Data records

# # #

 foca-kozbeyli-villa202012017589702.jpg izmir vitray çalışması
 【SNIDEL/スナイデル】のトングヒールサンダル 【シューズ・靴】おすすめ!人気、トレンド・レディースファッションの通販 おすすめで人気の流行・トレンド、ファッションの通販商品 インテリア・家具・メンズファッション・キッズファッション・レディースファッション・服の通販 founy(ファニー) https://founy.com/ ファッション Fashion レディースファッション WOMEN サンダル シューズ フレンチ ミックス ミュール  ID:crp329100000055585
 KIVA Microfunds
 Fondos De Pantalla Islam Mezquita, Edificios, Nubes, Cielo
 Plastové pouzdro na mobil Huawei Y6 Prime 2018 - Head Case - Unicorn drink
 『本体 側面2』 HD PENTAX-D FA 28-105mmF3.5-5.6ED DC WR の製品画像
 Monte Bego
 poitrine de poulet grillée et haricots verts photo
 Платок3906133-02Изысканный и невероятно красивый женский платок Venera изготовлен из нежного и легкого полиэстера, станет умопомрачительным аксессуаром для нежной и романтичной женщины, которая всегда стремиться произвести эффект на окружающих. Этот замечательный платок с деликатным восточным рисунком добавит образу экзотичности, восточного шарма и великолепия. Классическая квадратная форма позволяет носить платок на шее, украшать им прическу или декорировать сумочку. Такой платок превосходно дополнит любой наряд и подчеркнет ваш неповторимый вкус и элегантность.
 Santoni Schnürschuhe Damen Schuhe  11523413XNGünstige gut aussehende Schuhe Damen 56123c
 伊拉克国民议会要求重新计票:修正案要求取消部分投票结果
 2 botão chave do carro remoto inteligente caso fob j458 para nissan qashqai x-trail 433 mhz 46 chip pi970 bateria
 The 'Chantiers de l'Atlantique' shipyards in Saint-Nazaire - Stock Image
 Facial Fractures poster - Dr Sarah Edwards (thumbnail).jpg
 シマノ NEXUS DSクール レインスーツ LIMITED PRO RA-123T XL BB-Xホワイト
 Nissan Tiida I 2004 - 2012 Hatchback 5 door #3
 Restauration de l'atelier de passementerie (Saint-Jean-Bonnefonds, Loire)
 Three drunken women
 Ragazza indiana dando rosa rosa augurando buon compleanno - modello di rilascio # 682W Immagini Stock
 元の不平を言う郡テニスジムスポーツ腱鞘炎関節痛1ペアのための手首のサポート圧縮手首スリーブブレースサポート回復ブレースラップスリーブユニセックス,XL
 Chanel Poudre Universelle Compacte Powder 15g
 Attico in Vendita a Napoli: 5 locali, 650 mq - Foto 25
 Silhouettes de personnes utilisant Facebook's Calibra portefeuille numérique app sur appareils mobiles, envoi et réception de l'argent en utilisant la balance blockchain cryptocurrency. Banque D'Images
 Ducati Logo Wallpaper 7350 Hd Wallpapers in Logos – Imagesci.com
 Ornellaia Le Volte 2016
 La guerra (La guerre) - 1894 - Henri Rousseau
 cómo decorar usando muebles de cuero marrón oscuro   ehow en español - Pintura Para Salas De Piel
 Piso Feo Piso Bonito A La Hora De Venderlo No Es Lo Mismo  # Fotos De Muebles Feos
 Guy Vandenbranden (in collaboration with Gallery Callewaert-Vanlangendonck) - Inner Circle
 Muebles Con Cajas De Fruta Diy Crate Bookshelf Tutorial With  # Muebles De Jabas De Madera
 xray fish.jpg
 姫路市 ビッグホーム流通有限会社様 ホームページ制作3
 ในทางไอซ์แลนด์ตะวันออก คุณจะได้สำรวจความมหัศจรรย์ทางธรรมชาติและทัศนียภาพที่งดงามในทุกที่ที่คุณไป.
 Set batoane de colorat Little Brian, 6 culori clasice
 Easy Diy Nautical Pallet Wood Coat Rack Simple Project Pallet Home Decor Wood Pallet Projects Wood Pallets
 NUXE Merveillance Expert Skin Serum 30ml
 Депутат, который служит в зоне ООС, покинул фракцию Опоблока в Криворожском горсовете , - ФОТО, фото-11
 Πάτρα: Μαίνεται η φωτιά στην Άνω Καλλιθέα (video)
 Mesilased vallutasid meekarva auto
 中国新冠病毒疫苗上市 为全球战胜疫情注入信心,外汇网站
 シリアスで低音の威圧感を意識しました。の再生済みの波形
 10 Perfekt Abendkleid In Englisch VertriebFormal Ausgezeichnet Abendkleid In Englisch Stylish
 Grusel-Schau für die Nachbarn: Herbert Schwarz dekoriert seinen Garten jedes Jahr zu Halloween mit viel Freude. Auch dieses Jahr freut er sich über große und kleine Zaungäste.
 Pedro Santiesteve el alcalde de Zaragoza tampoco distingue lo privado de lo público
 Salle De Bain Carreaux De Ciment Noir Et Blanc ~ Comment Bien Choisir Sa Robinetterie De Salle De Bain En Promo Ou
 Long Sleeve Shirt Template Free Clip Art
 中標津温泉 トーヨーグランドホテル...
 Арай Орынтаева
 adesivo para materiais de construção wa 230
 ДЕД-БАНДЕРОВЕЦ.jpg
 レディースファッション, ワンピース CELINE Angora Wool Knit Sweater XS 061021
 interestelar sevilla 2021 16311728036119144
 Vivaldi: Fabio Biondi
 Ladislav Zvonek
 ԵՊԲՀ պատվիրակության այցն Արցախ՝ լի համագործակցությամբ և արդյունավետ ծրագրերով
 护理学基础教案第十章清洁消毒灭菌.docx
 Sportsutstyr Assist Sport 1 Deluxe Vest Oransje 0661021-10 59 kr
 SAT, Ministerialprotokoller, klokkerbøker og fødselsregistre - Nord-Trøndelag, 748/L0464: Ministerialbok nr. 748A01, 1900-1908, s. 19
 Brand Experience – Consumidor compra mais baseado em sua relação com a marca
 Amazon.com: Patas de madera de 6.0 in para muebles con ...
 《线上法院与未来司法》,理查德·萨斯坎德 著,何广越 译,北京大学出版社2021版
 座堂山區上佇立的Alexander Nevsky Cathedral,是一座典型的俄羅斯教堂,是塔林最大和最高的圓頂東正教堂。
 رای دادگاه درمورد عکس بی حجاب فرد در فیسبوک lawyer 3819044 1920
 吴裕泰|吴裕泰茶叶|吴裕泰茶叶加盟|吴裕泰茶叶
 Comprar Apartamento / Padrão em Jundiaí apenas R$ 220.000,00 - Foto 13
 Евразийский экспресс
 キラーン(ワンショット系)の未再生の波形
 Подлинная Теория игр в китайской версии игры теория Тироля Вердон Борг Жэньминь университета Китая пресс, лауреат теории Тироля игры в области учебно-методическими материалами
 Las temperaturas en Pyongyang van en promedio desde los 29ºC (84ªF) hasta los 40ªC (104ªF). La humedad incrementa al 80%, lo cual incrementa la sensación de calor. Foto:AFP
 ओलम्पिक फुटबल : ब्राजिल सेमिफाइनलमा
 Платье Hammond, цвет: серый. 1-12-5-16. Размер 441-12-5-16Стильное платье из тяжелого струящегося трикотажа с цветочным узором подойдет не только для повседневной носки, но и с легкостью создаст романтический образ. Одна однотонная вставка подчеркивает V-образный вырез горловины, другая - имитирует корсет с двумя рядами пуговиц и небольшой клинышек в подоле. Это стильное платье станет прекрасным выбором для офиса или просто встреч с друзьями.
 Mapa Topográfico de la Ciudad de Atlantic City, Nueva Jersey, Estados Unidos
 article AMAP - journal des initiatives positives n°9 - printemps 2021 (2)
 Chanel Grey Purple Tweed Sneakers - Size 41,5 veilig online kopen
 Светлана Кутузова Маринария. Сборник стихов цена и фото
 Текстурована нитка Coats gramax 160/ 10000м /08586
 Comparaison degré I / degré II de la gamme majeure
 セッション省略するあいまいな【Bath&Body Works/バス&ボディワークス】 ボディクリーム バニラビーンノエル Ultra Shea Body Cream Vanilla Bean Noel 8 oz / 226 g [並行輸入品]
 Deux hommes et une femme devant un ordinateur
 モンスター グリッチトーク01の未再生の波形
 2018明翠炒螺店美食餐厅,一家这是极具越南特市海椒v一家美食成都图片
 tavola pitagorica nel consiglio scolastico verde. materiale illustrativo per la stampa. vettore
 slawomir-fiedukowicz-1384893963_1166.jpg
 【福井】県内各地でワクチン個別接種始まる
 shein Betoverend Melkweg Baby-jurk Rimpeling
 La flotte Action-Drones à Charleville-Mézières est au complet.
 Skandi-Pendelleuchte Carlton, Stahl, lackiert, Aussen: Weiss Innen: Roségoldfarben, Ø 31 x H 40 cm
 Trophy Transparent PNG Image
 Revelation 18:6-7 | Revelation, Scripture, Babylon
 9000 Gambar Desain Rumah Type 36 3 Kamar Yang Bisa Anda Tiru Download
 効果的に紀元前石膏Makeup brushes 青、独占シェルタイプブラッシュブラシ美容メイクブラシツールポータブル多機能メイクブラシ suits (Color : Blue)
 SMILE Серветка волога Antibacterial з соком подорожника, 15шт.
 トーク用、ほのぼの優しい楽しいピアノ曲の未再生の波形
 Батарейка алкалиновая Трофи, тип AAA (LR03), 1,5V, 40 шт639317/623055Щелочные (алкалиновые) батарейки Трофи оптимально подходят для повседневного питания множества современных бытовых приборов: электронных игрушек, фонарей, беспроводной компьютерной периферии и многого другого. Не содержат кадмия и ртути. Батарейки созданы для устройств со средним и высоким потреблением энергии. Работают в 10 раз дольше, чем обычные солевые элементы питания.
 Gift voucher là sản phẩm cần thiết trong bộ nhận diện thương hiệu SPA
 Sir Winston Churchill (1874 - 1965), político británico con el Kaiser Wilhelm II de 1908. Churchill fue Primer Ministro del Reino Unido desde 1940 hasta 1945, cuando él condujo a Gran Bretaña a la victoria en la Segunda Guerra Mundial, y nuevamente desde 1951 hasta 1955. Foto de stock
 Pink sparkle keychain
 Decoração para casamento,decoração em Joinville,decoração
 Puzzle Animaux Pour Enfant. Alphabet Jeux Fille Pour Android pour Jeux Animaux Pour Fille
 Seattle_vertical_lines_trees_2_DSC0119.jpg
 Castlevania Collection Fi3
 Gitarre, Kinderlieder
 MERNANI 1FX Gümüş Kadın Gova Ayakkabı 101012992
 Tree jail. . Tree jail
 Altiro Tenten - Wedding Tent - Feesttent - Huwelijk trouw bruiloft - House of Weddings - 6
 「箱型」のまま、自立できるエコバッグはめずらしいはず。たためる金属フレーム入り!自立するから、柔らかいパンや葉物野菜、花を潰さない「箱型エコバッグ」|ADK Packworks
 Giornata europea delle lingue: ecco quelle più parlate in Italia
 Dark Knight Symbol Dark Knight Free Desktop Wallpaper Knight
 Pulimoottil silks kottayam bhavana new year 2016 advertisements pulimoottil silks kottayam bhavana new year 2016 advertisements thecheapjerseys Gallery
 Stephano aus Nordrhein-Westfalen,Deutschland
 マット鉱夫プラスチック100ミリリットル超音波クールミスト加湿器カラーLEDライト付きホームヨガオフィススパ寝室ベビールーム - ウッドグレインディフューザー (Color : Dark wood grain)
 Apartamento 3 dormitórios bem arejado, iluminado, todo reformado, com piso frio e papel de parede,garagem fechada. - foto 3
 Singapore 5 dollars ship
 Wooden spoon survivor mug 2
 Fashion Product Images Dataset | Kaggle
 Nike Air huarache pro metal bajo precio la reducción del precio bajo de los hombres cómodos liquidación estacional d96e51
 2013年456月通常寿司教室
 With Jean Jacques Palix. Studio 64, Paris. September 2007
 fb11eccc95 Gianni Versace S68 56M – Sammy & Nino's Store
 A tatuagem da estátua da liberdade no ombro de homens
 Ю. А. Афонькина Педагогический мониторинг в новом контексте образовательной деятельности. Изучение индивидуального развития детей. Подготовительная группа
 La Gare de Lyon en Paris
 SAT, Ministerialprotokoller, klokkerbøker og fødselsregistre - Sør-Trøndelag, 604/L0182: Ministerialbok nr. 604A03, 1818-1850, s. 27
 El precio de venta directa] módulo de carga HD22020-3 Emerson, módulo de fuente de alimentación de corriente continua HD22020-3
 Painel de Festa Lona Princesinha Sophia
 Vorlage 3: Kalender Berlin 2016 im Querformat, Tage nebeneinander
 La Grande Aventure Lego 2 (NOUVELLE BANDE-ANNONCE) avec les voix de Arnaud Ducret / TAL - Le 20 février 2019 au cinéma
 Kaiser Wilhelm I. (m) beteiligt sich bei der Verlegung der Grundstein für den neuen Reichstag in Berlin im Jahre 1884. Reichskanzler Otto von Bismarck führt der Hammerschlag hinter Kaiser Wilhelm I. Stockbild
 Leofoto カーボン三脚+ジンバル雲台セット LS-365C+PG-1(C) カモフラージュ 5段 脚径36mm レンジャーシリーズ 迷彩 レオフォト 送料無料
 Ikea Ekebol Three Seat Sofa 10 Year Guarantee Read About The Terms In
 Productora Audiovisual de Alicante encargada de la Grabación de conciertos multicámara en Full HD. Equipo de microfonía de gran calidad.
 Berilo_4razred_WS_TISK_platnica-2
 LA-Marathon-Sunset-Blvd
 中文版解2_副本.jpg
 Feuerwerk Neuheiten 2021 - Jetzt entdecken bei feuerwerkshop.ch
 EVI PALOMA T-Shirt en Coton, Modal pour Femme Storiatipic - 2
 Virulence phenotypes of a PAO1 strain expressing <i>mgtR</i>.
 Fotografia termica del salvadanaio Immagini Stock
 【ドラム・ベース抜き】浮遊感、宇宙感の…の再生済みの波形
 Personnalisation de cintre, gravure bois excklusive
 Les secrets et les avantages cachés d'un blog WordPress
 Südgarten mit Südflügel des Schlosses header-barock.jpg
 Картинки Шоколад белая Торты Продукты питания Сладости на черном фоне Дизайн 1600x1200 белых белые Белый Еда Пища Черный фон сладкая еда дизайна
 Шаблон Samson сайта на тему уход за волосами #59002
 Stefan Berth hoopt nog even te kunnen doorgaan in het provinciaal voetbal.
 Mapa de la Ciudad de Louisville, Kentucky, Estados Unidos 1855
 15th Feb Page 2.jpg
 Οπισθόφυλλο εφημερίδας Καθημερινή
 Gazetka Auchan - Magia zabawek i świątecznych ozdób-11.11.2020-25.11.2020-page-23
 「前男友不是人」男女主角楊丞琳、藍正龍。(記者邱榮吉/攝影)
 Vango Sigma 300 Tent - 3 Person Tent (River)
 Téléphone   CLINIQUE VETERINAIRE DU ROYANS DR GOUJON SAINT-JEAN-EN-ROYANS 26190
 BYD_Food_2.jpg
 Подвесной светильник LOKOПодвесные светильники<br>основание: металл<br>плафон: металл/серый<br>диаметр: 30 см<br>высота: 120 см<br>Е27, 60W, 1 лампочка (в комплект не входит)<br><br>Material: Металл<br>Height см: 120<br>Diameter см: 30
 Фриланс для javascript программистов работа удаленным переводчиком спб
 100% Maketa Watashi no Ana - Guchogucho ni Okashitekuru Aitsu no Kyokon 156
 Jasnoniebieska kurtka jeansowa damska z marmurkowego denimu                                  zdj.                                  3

# # #

◆ **WORK TASK**
Output the lines above exactly, but only those between the line holding "Painel de Festa Lona Princesinha Sophia" and the line holding "Les secrets et", inclusive.

◆ **TASK ANSWER**
 Painel de Festa Lona Princesinha Sophia
 Vorlage 3: Kalender Berlin 2016 im Querformat, Tage nebeneinander
 La Grande Aventure Lego 2 (NOUVELLE BANDE-ANNONCE) avec les voix de Arnaud Ducret / TAL - Le 20 février 2019 au cinéma
 Kaiser Wilhelm I. (m) beteiligt sich bei der Verlegung der Grundstein für den neuen Reichstag in Berlin im Jahre 1884. Reichskanzler Otto von Bismarck führt der Hammerschlag hinter Kaiser Wilhelm I. Stockbild
 Leofoto カーボン三脚+ジンバル雲台セット LS-365C+PG-1(C) カモフラージュ 5段 脚径36mm レンジャーシリーズ 迷彩 レオフォト 送料無料
 Ikea Ekebol Three Seat Sofa 10 Year Guarantee Read About The Terms In
 Productora Audiovisual de Alicante encargada de la Grabación de conciertos multicámara en Full HD. Equipo de microfonía de gran calidad.
 Berilo_4razred_WS_TISK_platnica-2
 LA-Marathon-Sunset-Blvd
 中文版解2_副本.jpg
 Feuerwerk Neuheiten 2021 - Jetzt entdecken bei feuerwerkshop.ch
 EVI PALOMA T-Shirt en Coton, Modal pour Femme Storiatipic - 2
 Virulence phenotypes of a PAO1 strain expressing <i>mgtR</i>.
 Fotografia termica del salvadanaio Immagini Stock
 【ドラム・ベース抜き】浮遊感、宇宙感の…の再生済みの波形
 Personnalisation de cintre, gravure bois excklusive
 Les secrets et les avantages cachés d'un blog WordPress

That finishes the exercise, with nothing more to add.